- [Source data]:
============
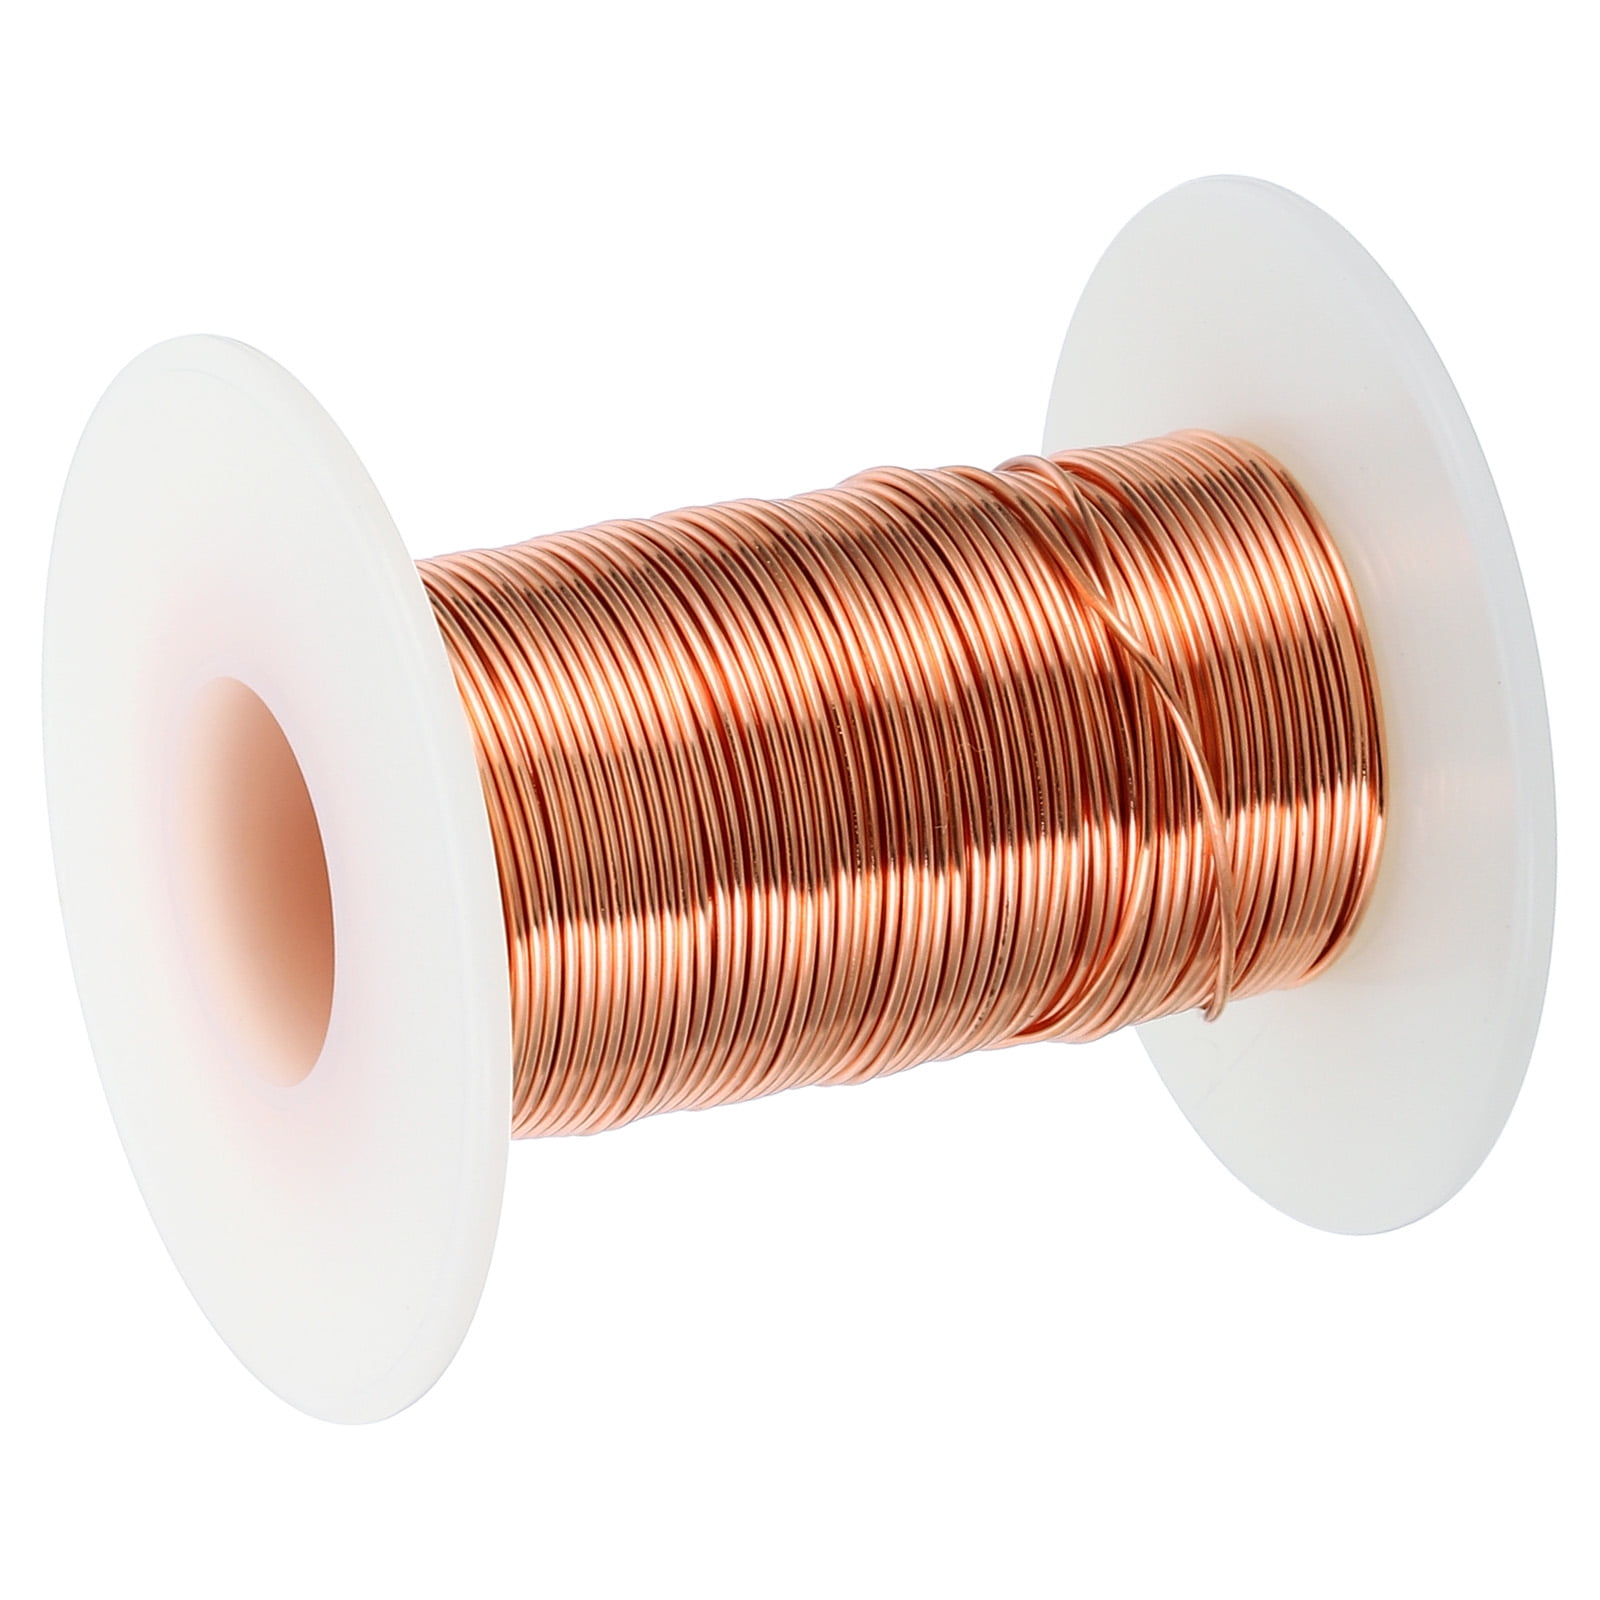 Uxcell Soft Copper Wire, 20Gauge/0.8mm Diameter 10m/32.8ft Spool Pure  Copper Wire
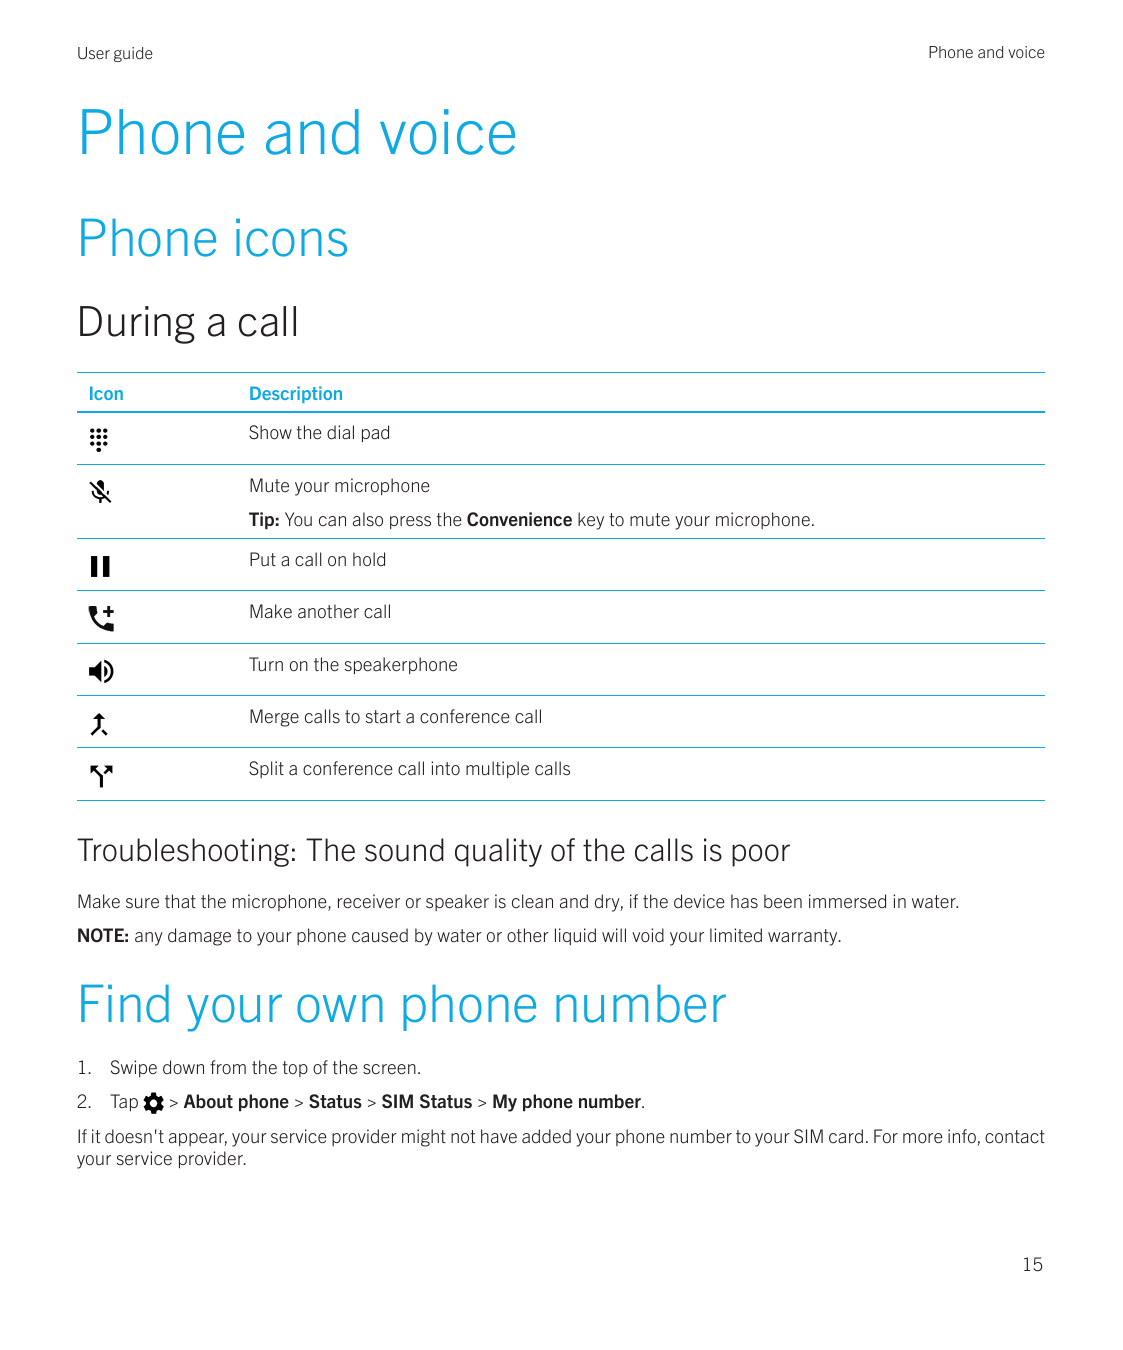 Phone and voiceUser guidePhone and voicePhone iconsDuring a callIconDescriptionShow the dial padMute your microphoneTip: You can
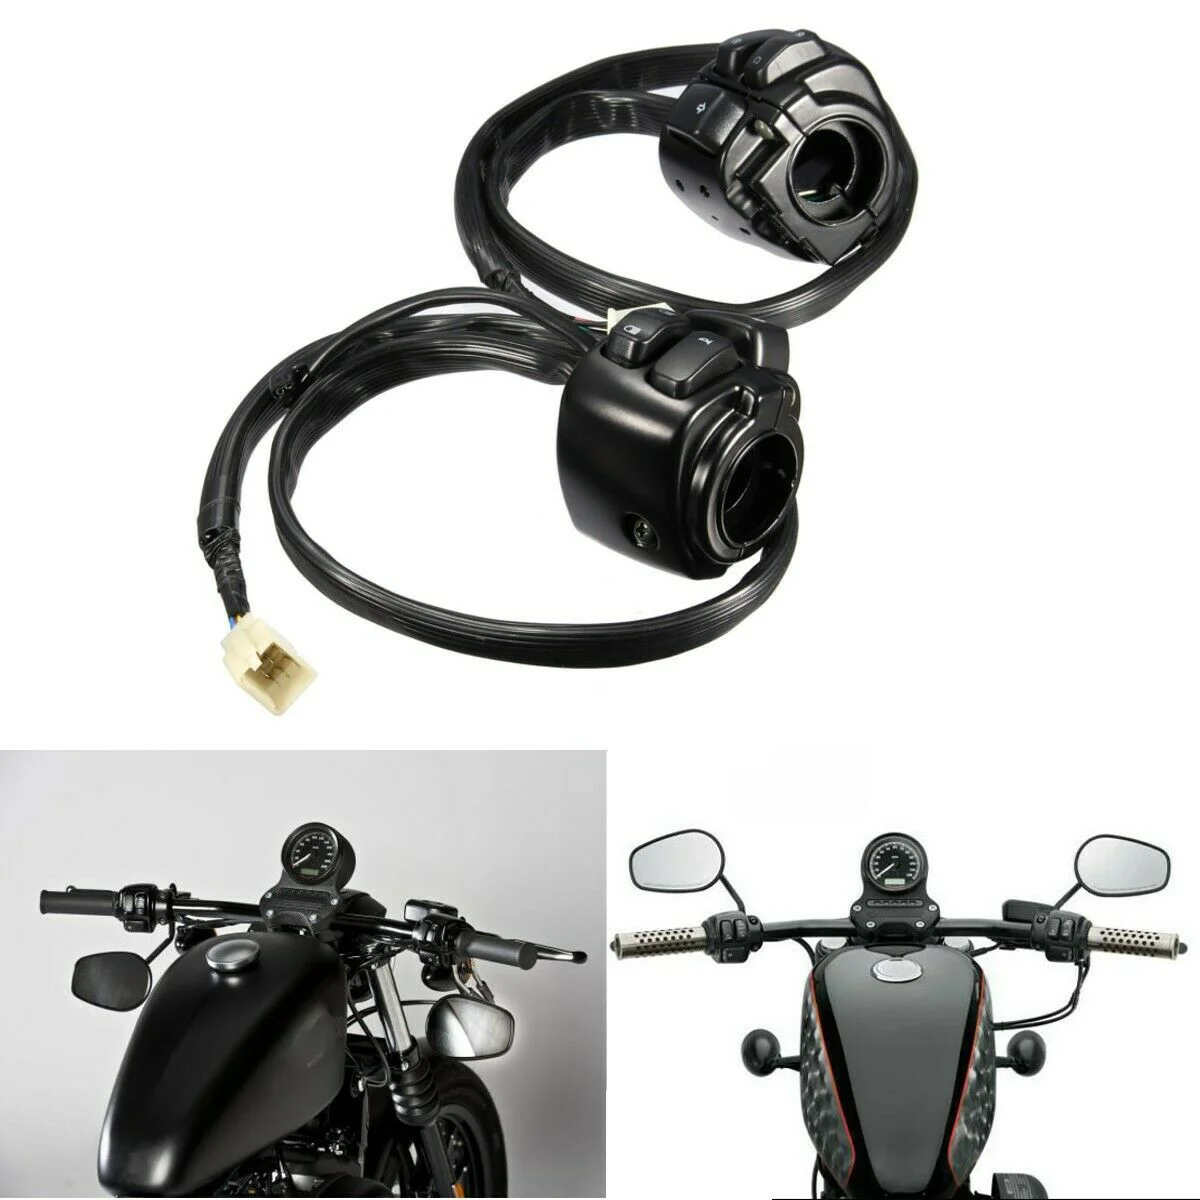 Pair Motorcycle 1" 25mm Handlebar Control Switch Turn Signal Horn For Harley Dyna Softail Sportster 883 1200 1996-2012 |
============
- [Description of the task]:
Copy the listing in full and without alteration, omitting every picture.

- [Answer to this task]:
 Uxcell Soft Copper Wire, 20Gauge/0.8mm Diameter 10m/32.8ft Spool Pure  Copper Wire
 Phone and voiceUser guidePhone and voicePhone iconsDuring a callIconDescriptionShow the dial padMute your microphoneTip: You can
 Pair Motorcycle 1" 25mm Handlebar Control Switch Turn Signal Horn For Harley Dyna Softail Sportster 883 1200 1996-2012 |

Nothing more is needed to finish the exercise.